In a letter to chair of the Treasury committee Nicky Morgan FCA boss Andrew Bailey (pictured) confirmed the regulator had opened a formal investigation into the events surrounding the gating of Woodford’s £3.7bn fund but said he “cannot comment any further”.
Bailey said the FCA had been in contact with the fund’s authorised manager Link Fund Solutions for over a year about liquidity concerns related to the Woodford Equity Income fund (WEIF).
He revealed that WEIF had become less liquid between June 2018 and April 2019 but added the fund did not breach any internal thresholds and was able to meet redemptions throughout.
Responding to the announcement a spokesperson for Woodford said: “We can confirm we have been contacted by the FCA regarding its investigation relating to the events that led to the suspension of the LF Woodford Equity Income Fund and will be co-operating fully with its investigation.”
Woodford fund’s ‘deteriorating liquidity’
Bailey said that the FCA had first engaged with Link Fund Solutions, the authorised manager on the Woodford fund, in February and March 2018 regarding two separate breaches of the fund’s 10% limit on unquoted companies.
No further breaches were reported for the rest of 2018.
From April to December 2018 the regulator held monthly monitoring discussions with Link to discuss Woodford Equity Income’s “deteriorating liquidity position”.
At the FCA’s request to tighten up its risk management of WEIF Link broke down the fund’s liquidity profile into four buckets – the first being the easiest assets to offload, requiring up to seven days to liquidate, and the fourth representing the hardest assets to trade, those that would take between 180 and 360 days to sell.
By the end of April, a third of the fund was in the fourth bucket, while another 32% was in the third bucket, securities that would take between 20 and 180 days to liquidate.
This concentration of illiquid assets hit Link’s “trigger” level, prompting it to launch an investigation into the cause and update its contingency plan.
By May redemptions in the fund were gathering pace. According to the FCA, the fund’s net outflows averaged 1% of NAV per week but by 31 May and 3 June, clients were pulling £296m or 8.2% of NAV. At that time the fund was holding zero cash, having previously drawn down some of an overdraft facility.

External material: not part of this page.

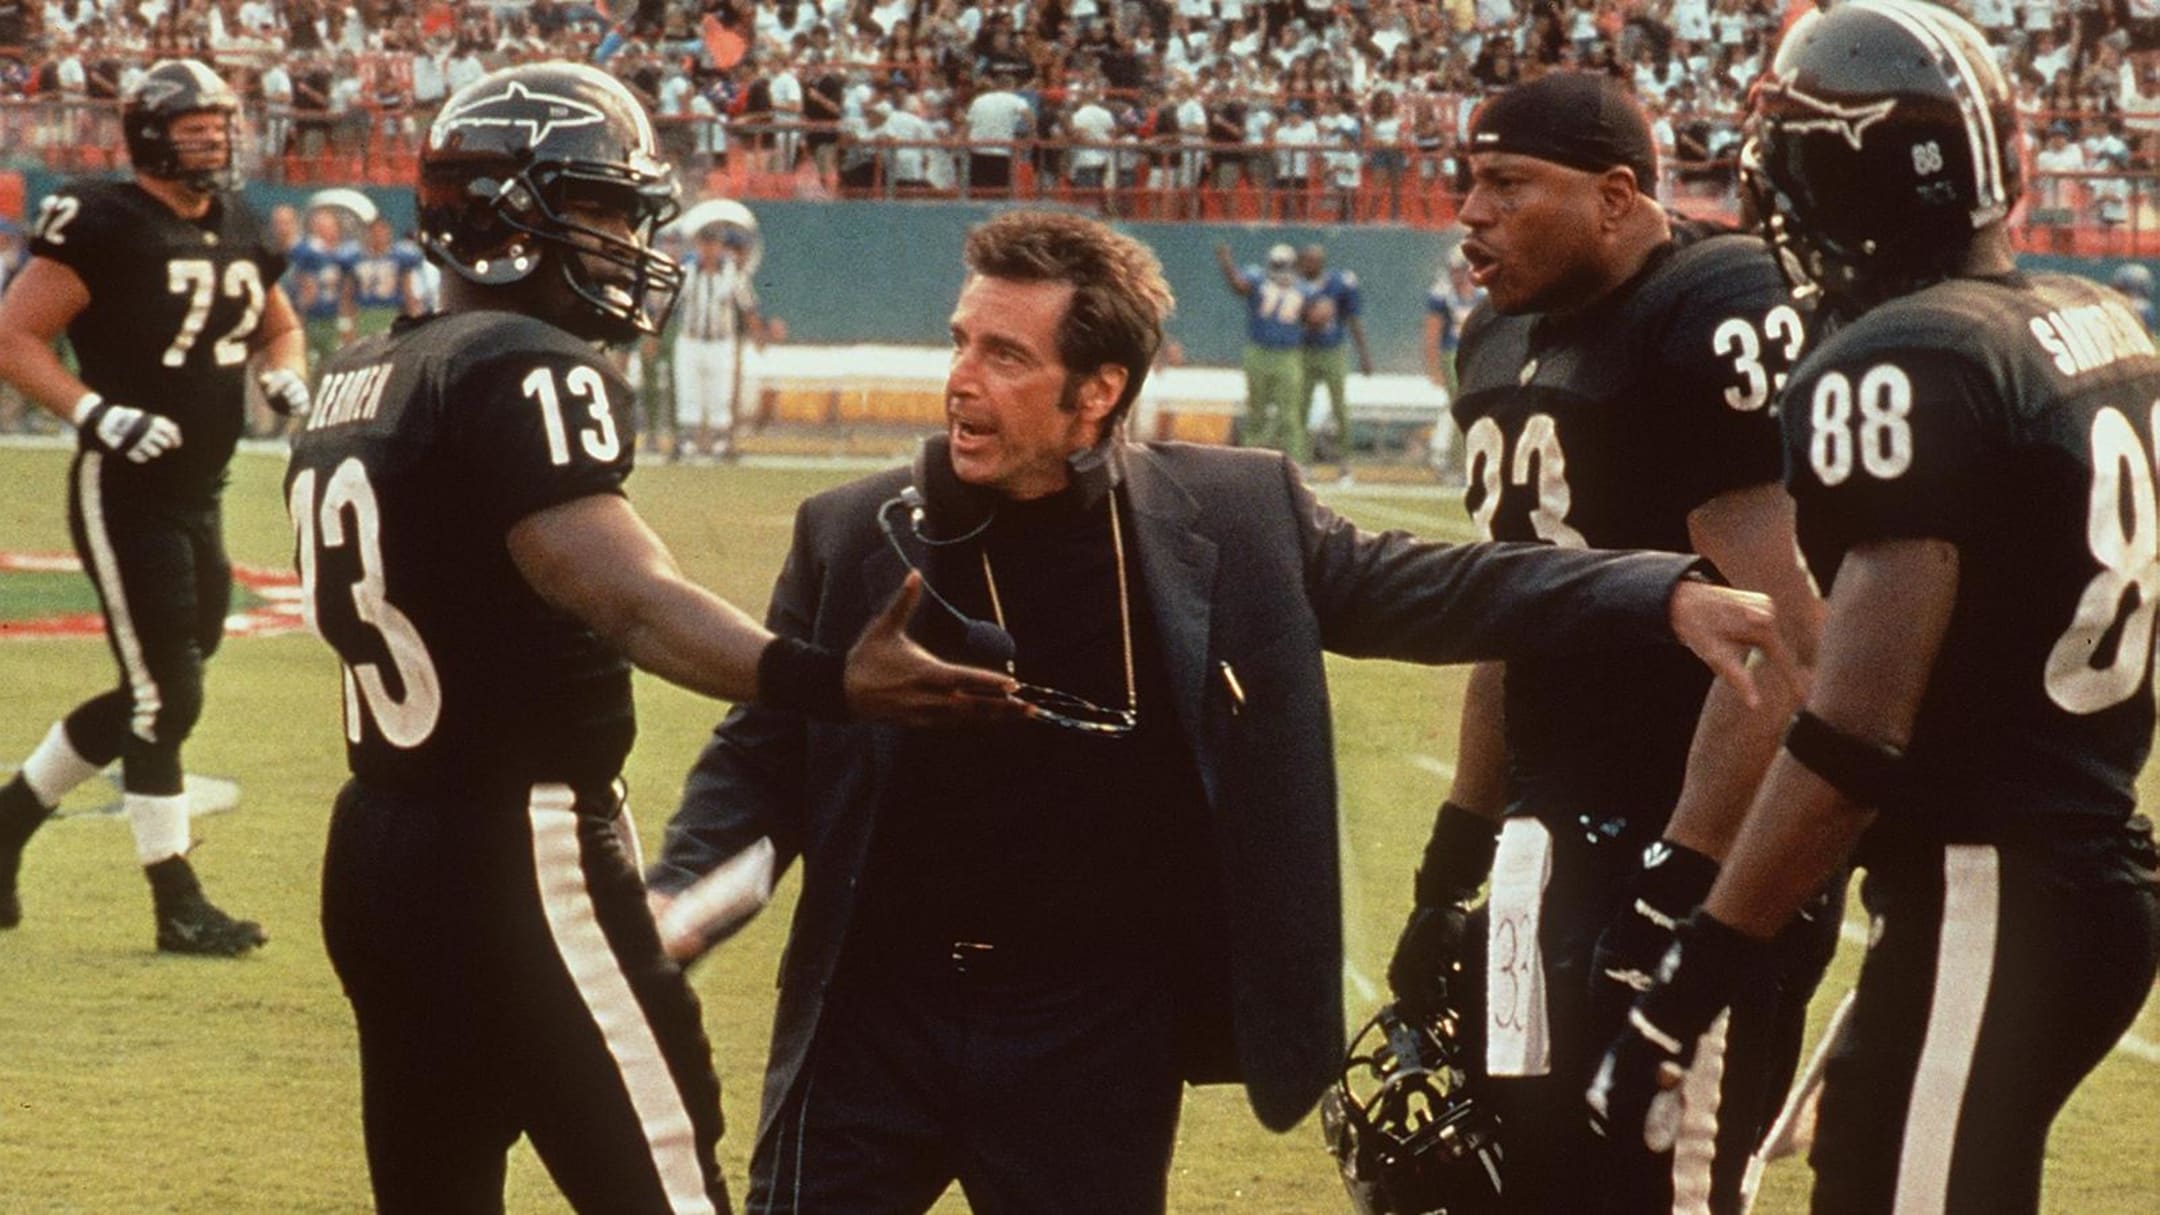 Movies you can stream now to get your football fix | Yardbarker
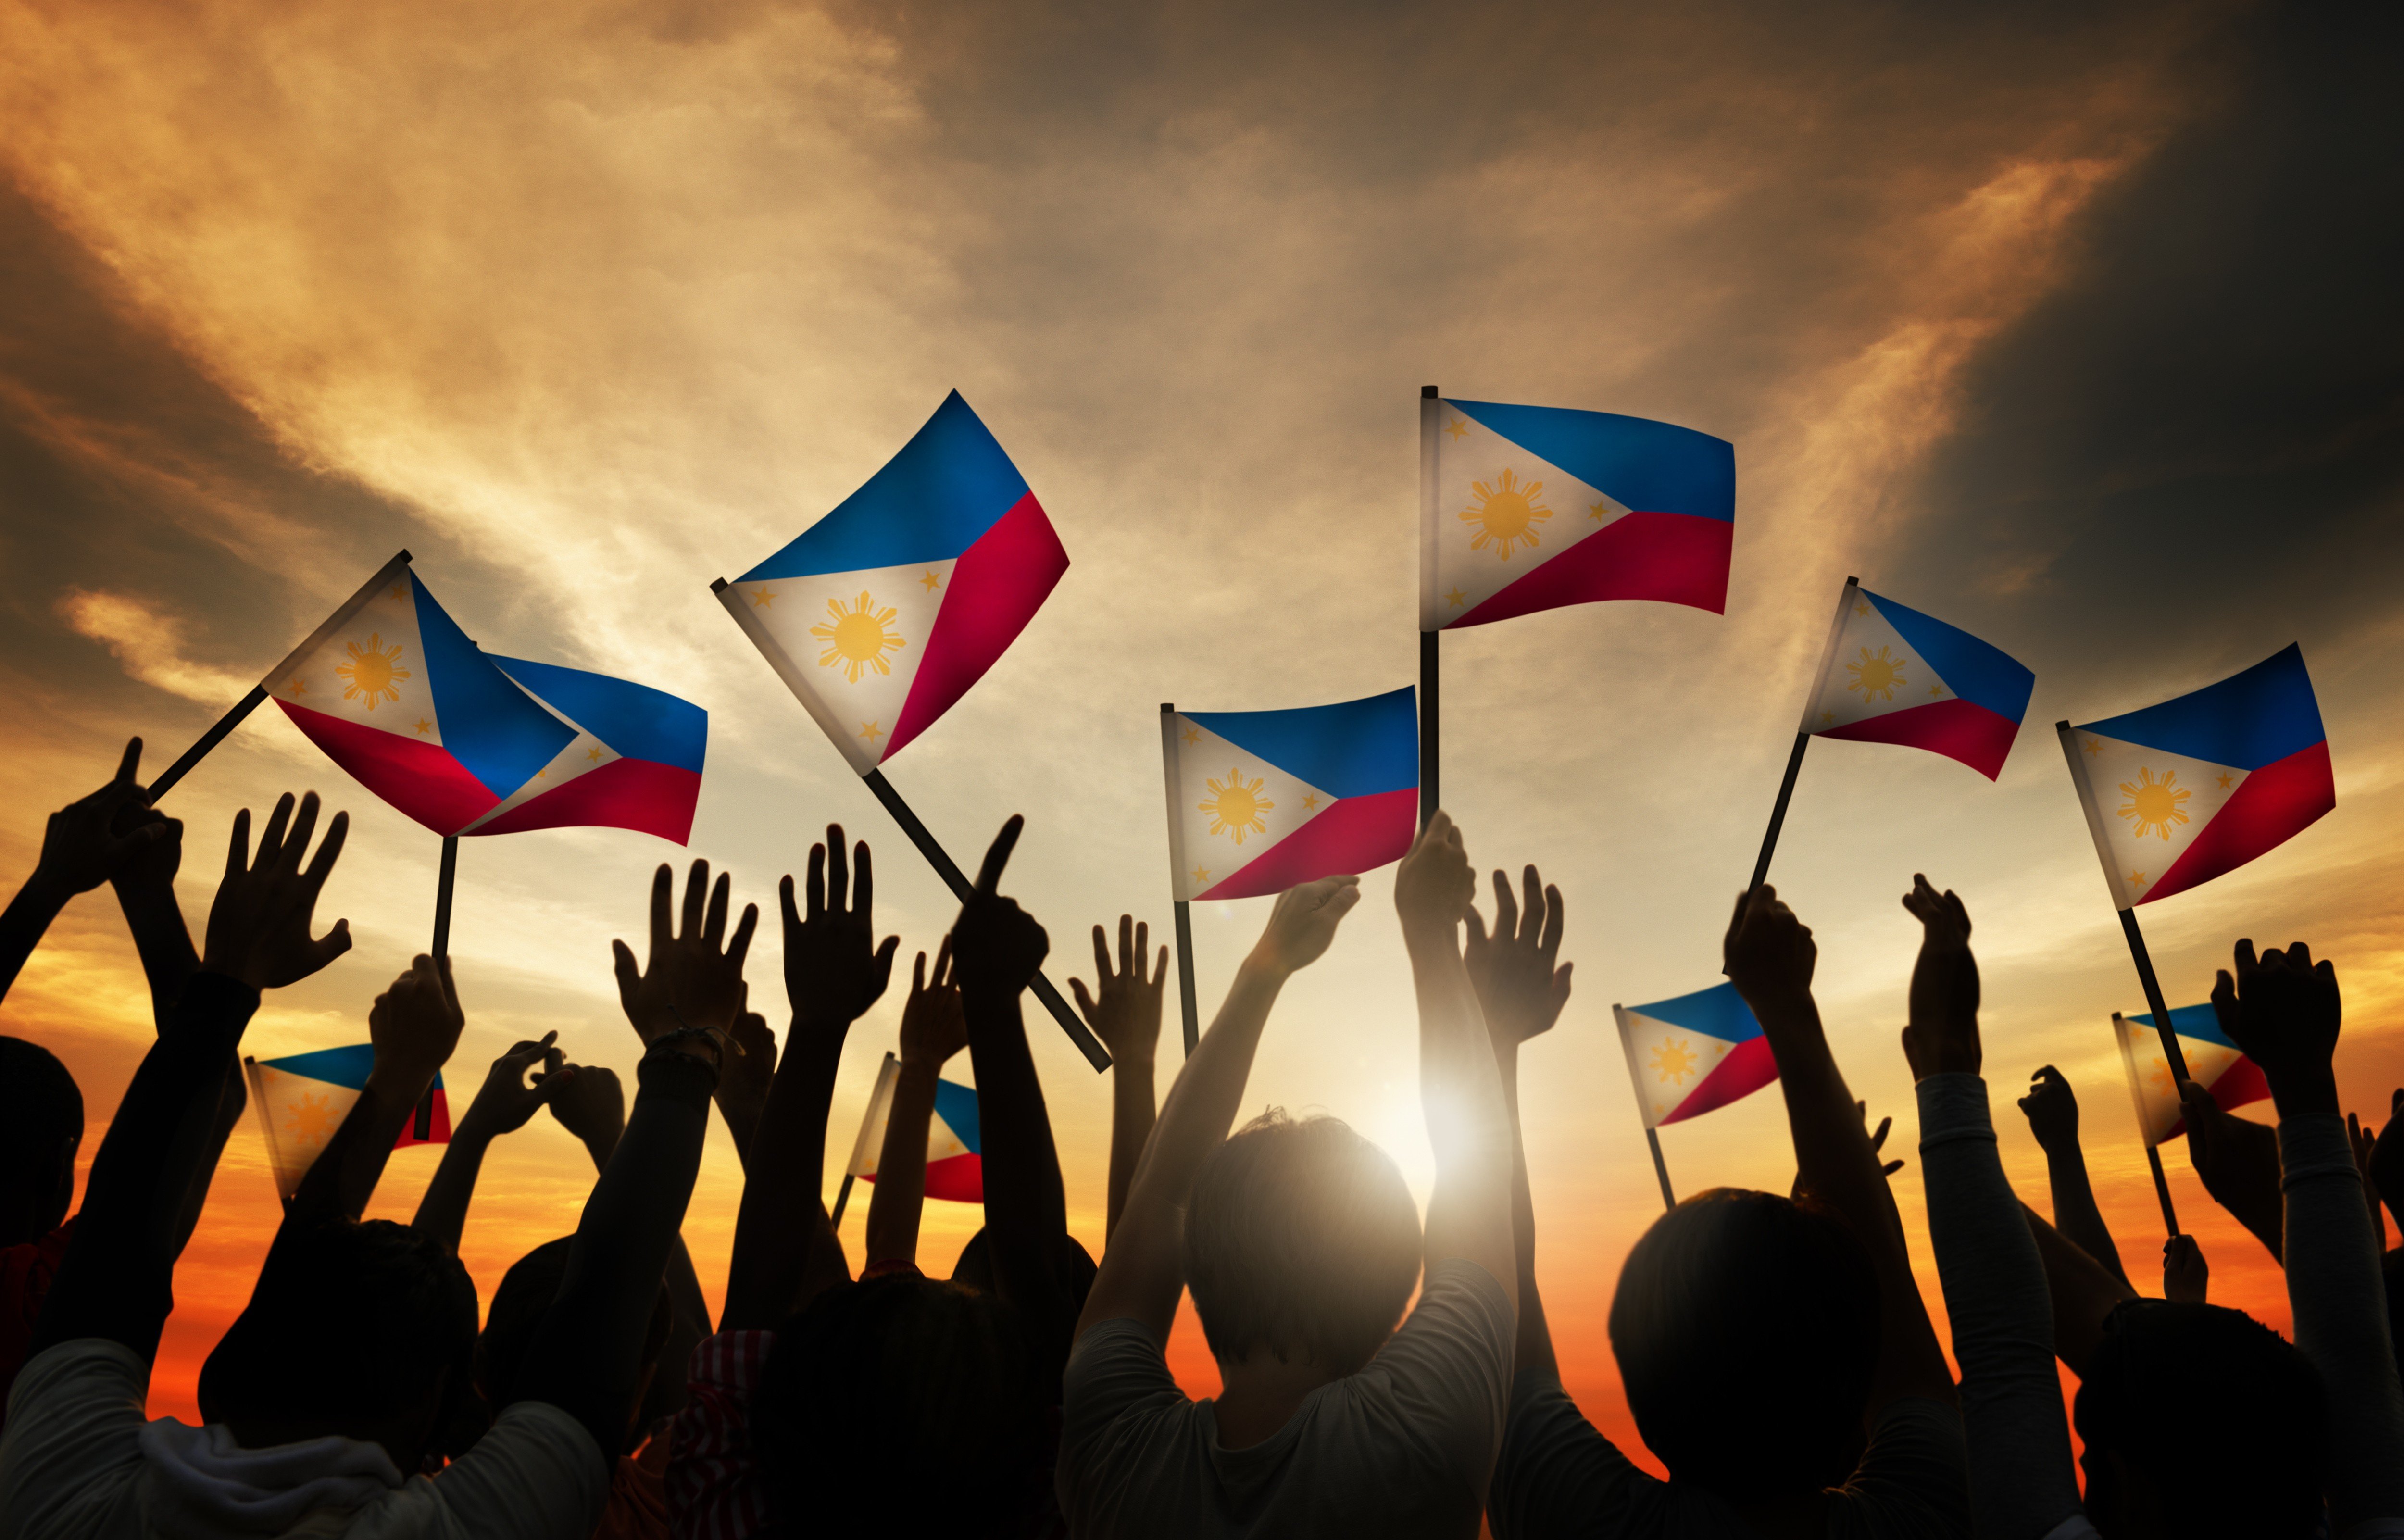 With growth rates to rival China, and a youthful population that values education and hard work, the Philippines holds great potential, argues a recent report

On 3 June Link decided to pull the trigger and suspend dealing.
Bailey said: “Link deemed the suspension necessary due to the risk that, in the event the fund did not suspend, assets would have to be sold at prices below current values and that the resulting composition of the fund’s assets would be more illiquid. Neither outcome was deemed to be in best the interests of remaining investors.”
Bailey responds to claims over Guernsey delay
Bailey also responded to claims that the FCA had taken over a month to respond to TISE about a trio of stocks Woodford had listed in Guernsey in an attempt to skirt the regulator’s 10% limit on holding unquoted companies.
He said TISE emailed the regulator on 15 April, requesting a phone call to discuss the suspensions, but had “unfortunately” failed to make contact with “the areas of the FCA that processes and considers these sorts of requests”.
On 26 April he said the FCA “responded immediately” to TISE suggesting a call, which ultimately took place on 8 May.
Bailey said the FCA “became aware of press articles discussing certain securities listed on The International Stock Exchange (TISE) in Guernsey” reportedly held by WEIF by late March.
Prior to the TISE listings in February 2019 unlisted securities in Woodford’s fund made up around 20% of NAV, he said.
“To maintain the reposted level below 10%, the WEIF appeared to make use of rules that derive from the EU Ucits Directive, including one that allows a security to be excluded from the 10% limit, i.e. to be deemed eligible, if its issuer plans to list that security within 12 months. There is no requirement for the fund manager to disclose this to the regulator,” Bailey said.